BEGIN Source data
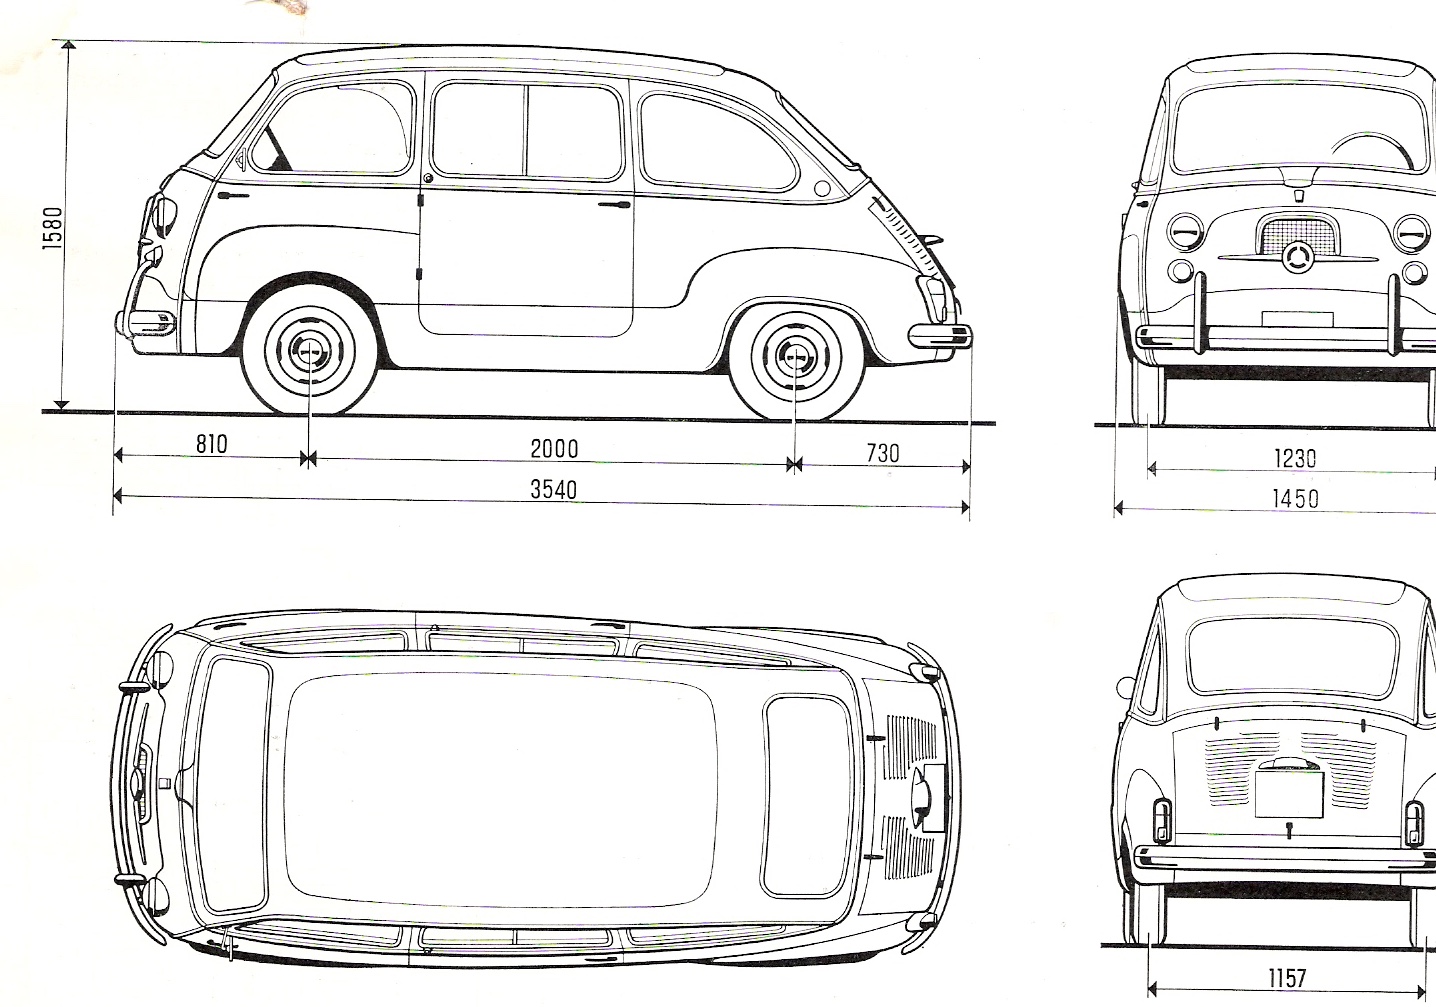 Fiat 600 Multipla blueprint
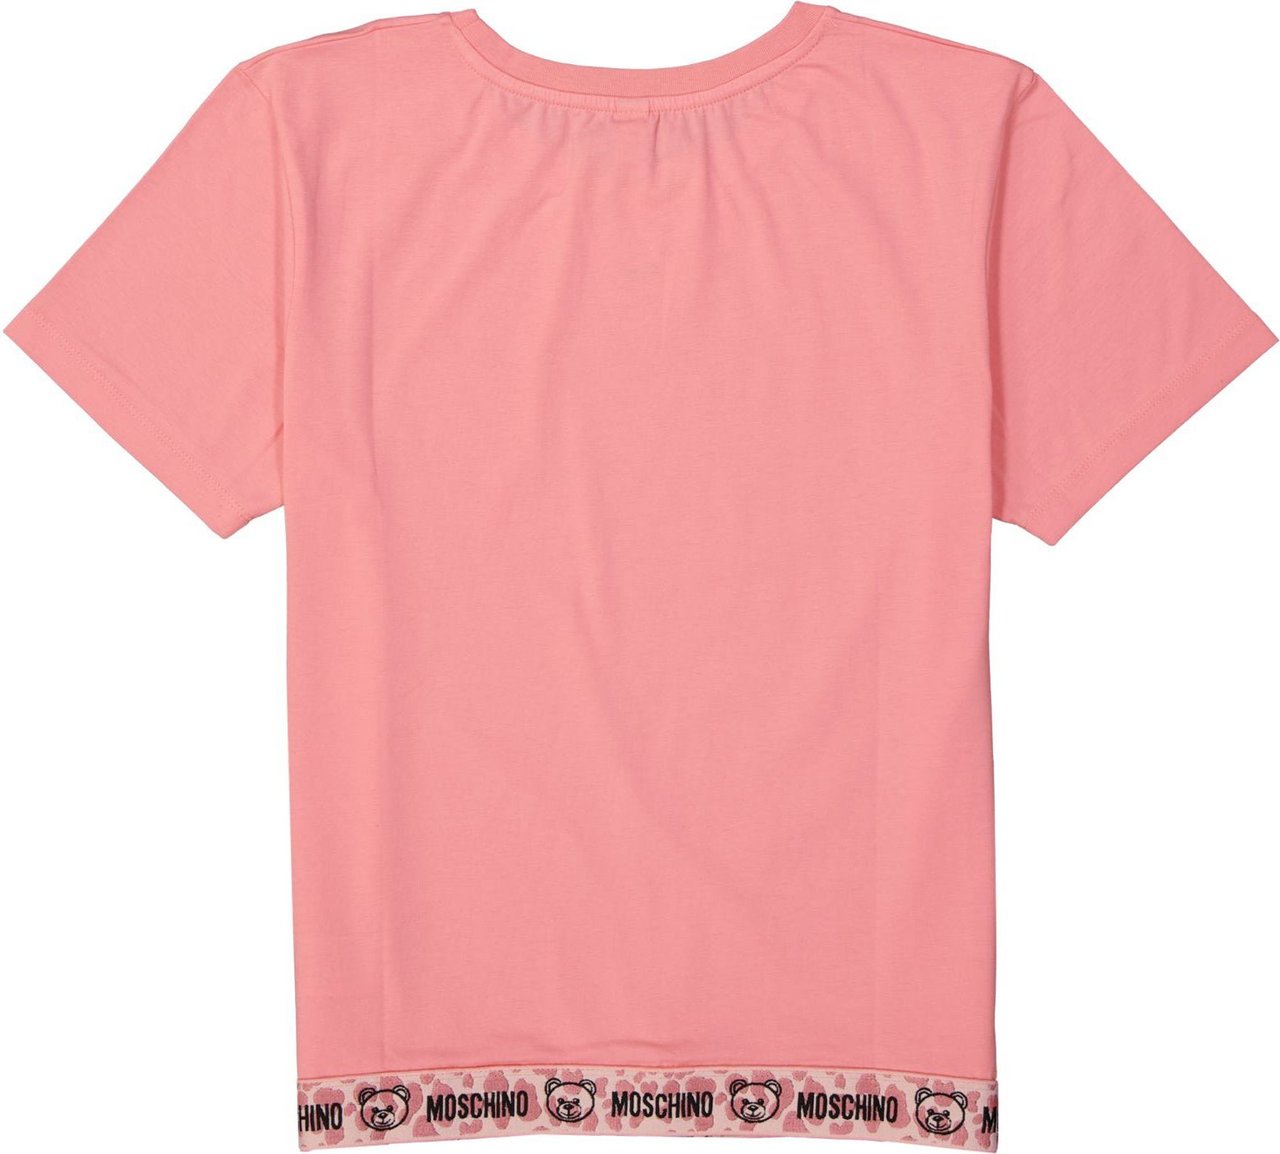 Moschino Moschino Underwear Cotton T-Shirt Roze
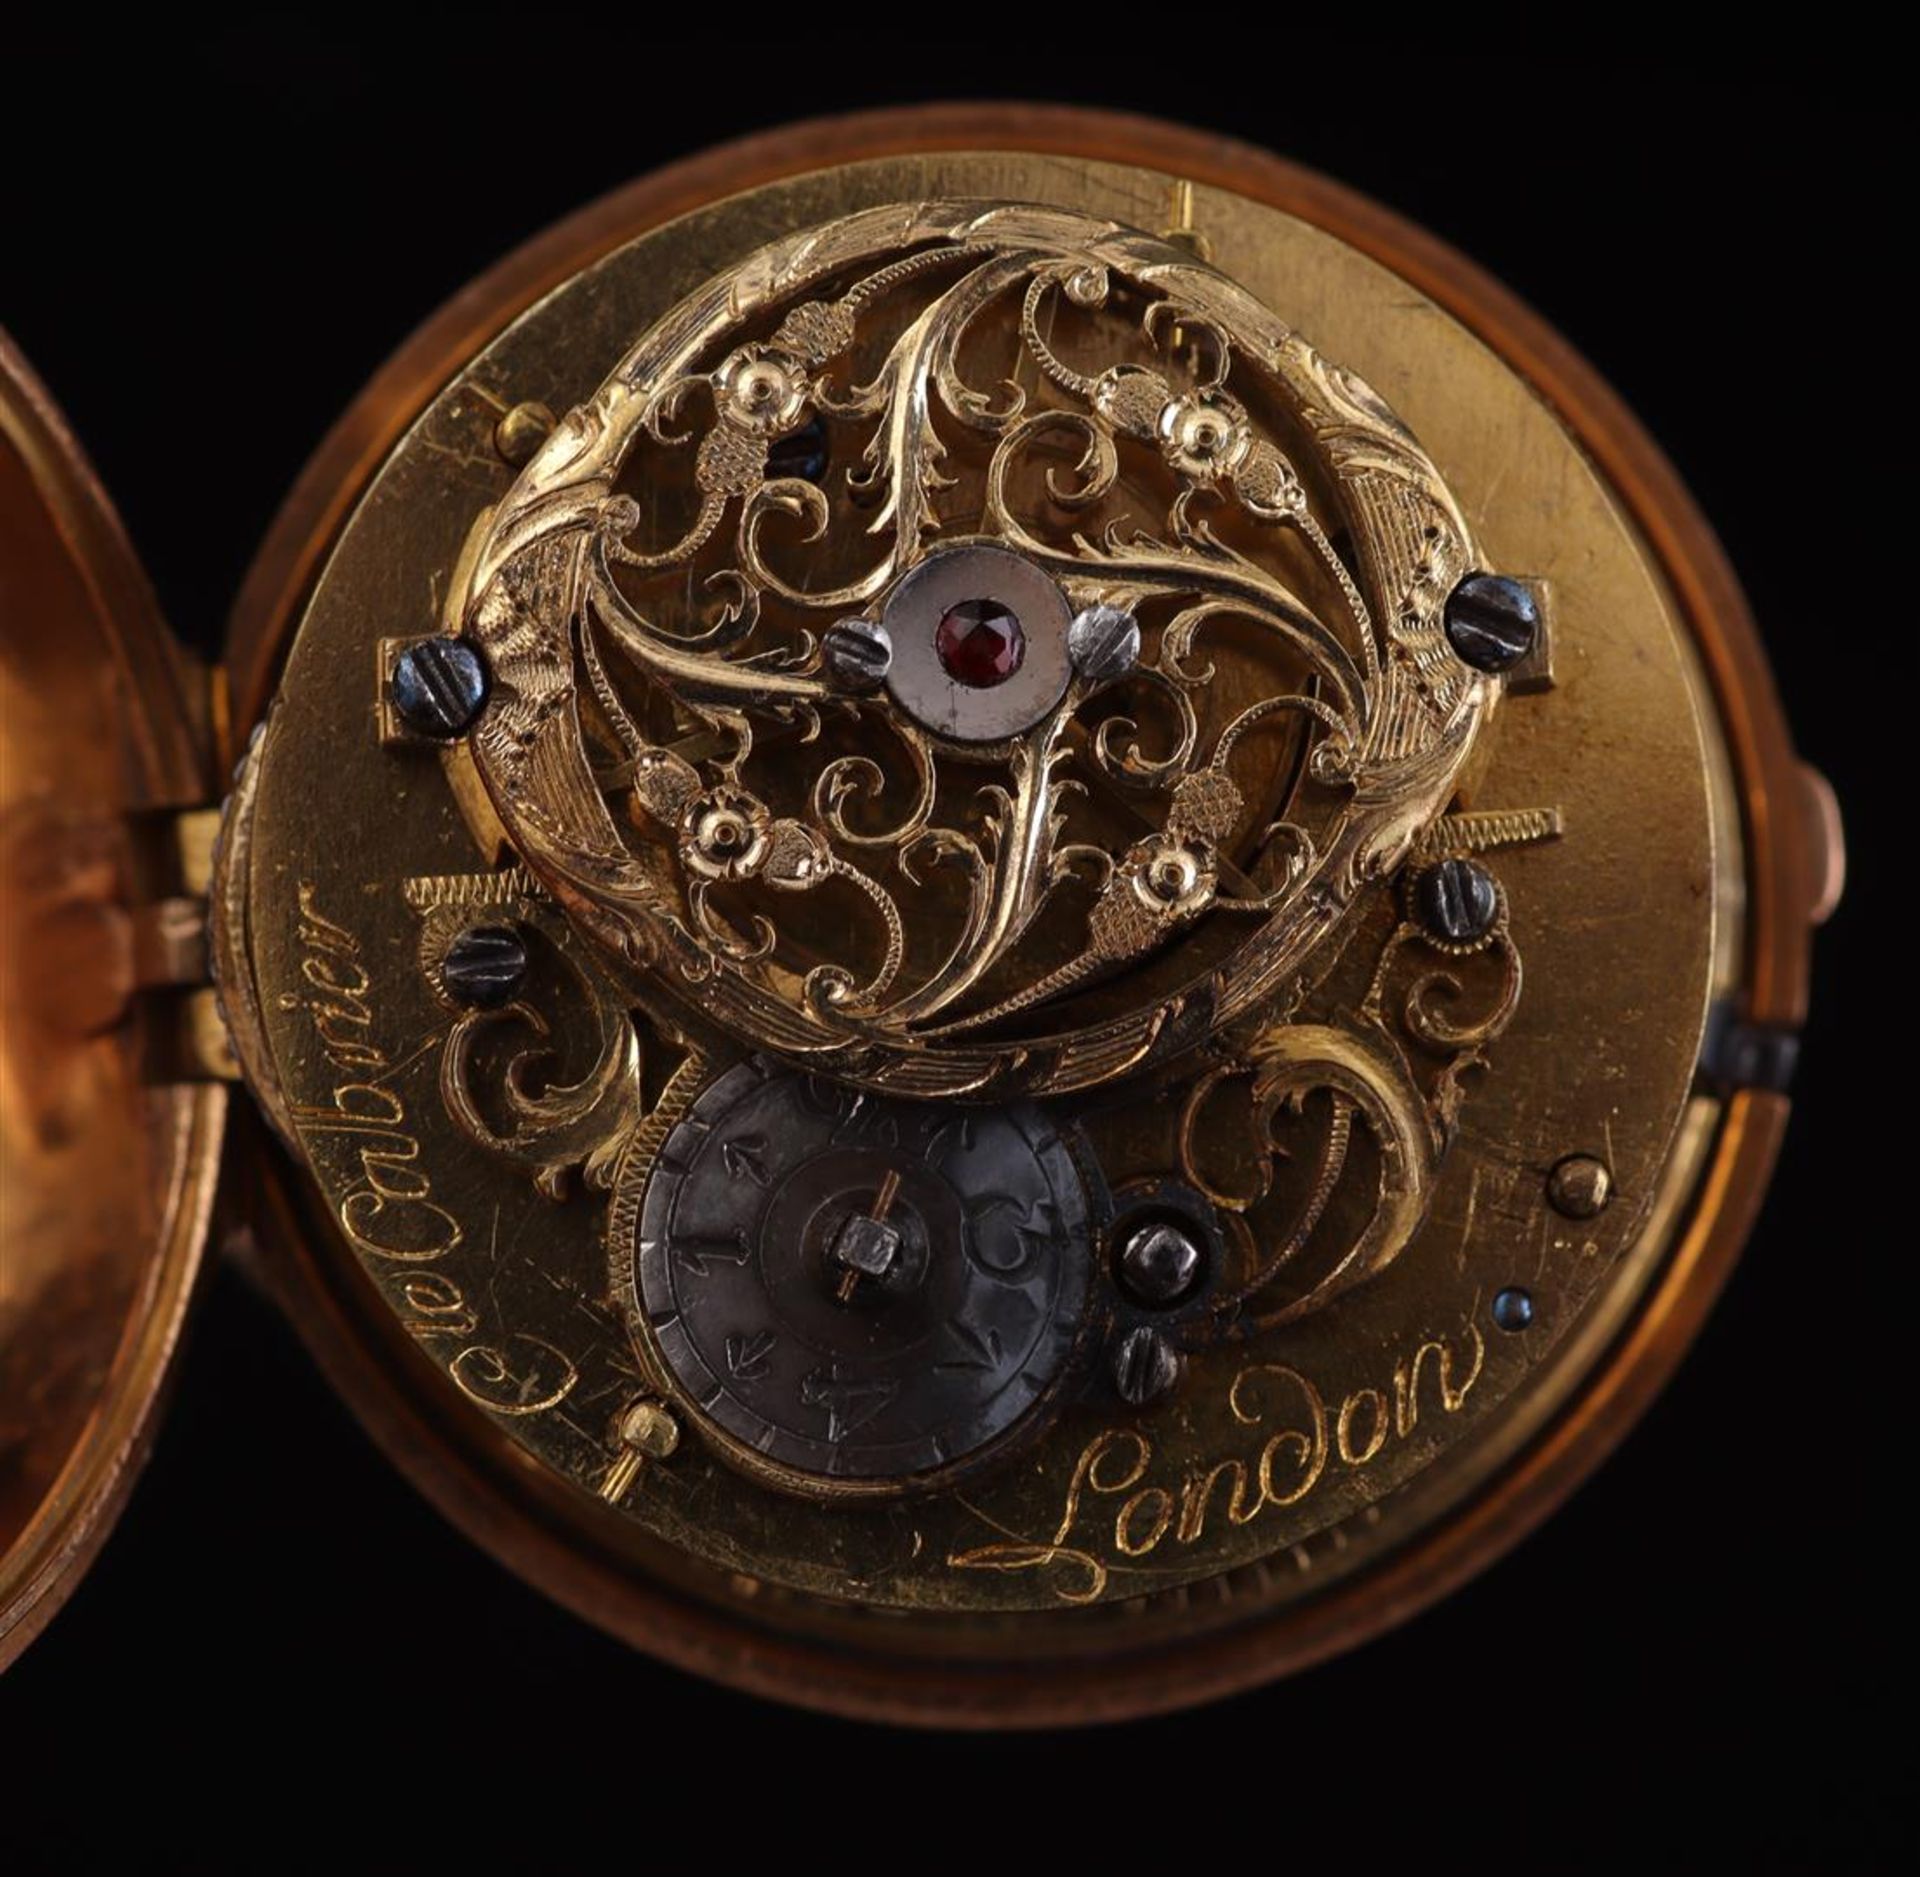 18th century pocket watch - Image 6 of 6
END Source data
Problem requirements: Write all the lines above out again exactly, minus the images.

Answer box:
 Fiat 600 Multipla blueprint
 Moschino Moschino Underwear Cotton T-Shirt Roze
 18th century pocket watch - Image 6 of 6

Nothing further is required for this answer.